I confess to feeling a bit redundant here. There’s not a lot of emotional resonance or meaningful character development this week, and I don’t mean that as a knock. I might be here for the show’s secret beating heart, but turning an episode over purely to jokes now and then can be an effective change of pace. You can only hammer the audience with bleakness for so long before they stop caring about it, after all.

The downside to that as an analyst is that any discussion of this sort of episode inevitably falls to just listing jokes, which is redundant at best and moreover pointless given the intense subjectivity of humor. With that fact as a given, let’s at least talk broad strokes.

The premise of this episode is a familiar one: it’s “Rixty Minutes” with a different frame, a product of Roiland’s love of weird, nonsensical improv (they announced that they intended to make the commercial episode a season thing way back in the season 1 director’s commentary, so it’s not exactly a shock … if you are an obsessive collector of factoids, which, y’know). I couldn’t be happier about the fact, given that it’s a simple enough concept to be incredibly versatile and allows us a peek into the weird tidbits of ideas that weren’t meaty enough for full episodes.
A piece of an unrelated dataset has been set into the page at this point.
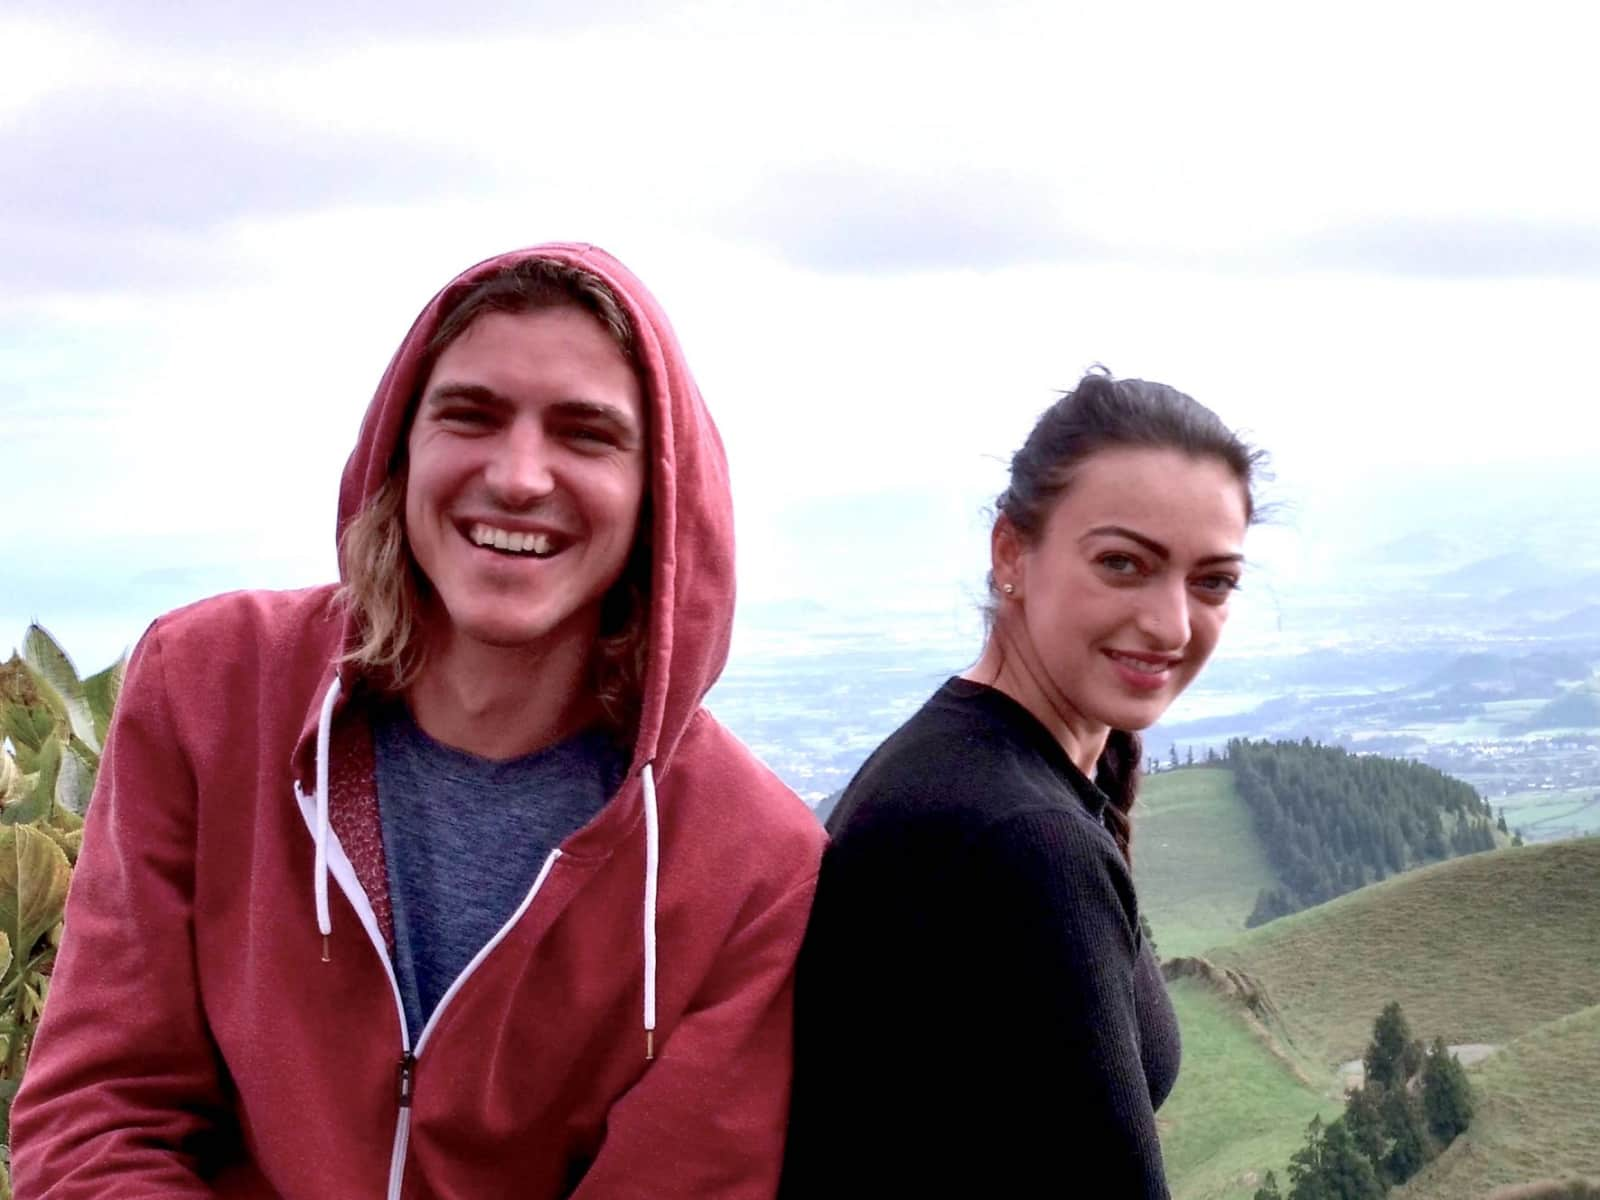 Lucie & Petr from Karviná, Czech Republic

While I’d say “Rixty Minutes” had, overall, the a stronger ratio of hits to misses, this round manages to keep the momentum fast enough and the variety wide enough that the duds(octopus man?) don’t linger in your mind nearly as much as the hits (I’m still laughing about “How Did I Get Here?”). Even better, the audio isn’t left to flounder and die on its own. I’m not sure what the breakdown is as to what Roiland has a strong visual concept for and what he hands to the boarders to go wild on (though I would, in fact, like to know this thing), but the result is that even when the audio isn’t working there’s something on screen to either elevate the joke or just provide some separate, interesting visual detail – Summer, Morty, and Rick reacting the commercials might actually be my favorite bits of the episode. And really, given that the next episode preview had me at “cat-people version of The Purge,” I can’t exactly said to be above gimmicky concepts.
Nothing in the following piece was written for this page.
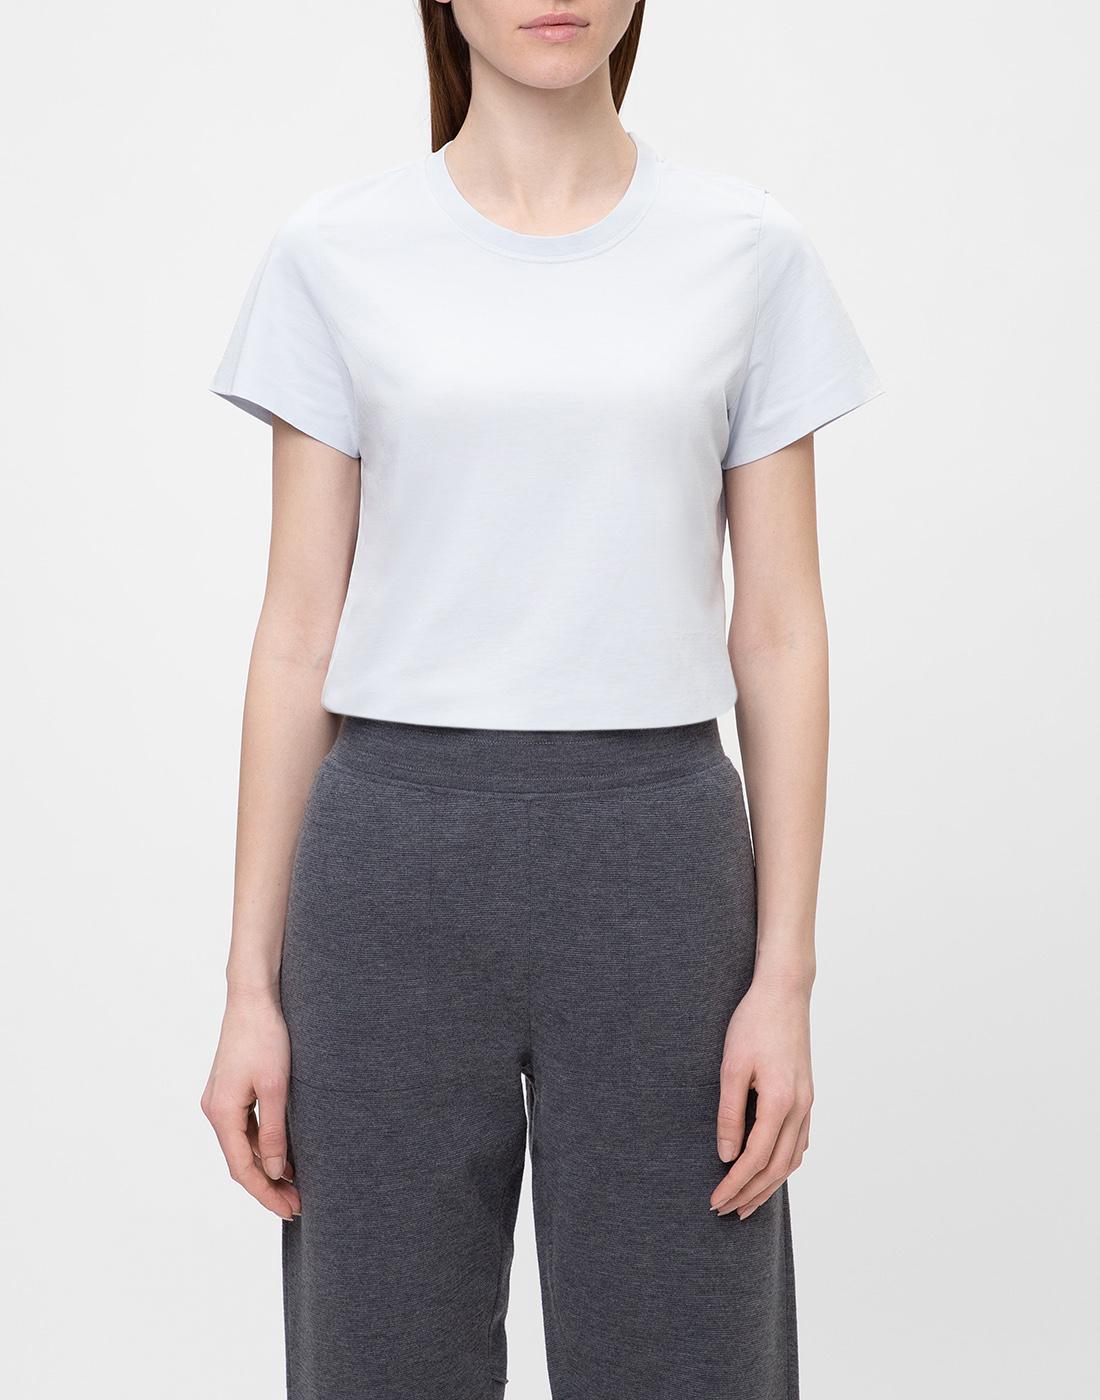 Женская голубая футболка  Dorothee Schumacher S623001/801-2

As for the Jerry subplot, there might actually be less to say there. It’s a dick joke inflated to a frankly admirable level of absurdity and then kicked up a few more notches, never as interested in the light commentary it brushes past as it is in seeing how far it can push that joke (you can tell because it cuts the episode off pretty much the second the dick thing is resolved, having never once cared much about the whole galactic Gandhi thing). Given that Jerry spends this episode closer to his fairly weaselly season one personality, it winds up being pretty entertaining to watch the cringe pile on. And then it’s over, the frame having done a competent job of holding the really sparkling bits together and the episode as a whole another addition to the show’s brief cries of pure id.

I also spent some time mentally sketching out the main cast as an allegory for broad impressions of various internet subcultures. Y’know, where Summer is Tumblr’s compassion handicapped by a gullible streak, whose confidence that they have the right answer is often belied by a dangerous lack of greater context; and Reddit-Morty is basically a good kid who is often first member of the Smith family to discovery new galactic mysteries, but he’s also becoming kind of a little shit who has unresolved issues with women; and Jerry is explicitly Youtube comments and Rick is probably a certain unnamed image board, and I imagine Beth is the bitter defensiveness and drunken mourning of the past that is Facebook.

But then I realized I’d spent too much time thinking about a single line of venting (that’s the whole episode in a nutshell, isn’t it? creative venting writ large, and we’re all anticipatory but also unnerved in the front row) in the script, and that no one could possibly benefit in the ensuing discussion, and I went to watch more TV instead. It seemed like the Rickest thing to do.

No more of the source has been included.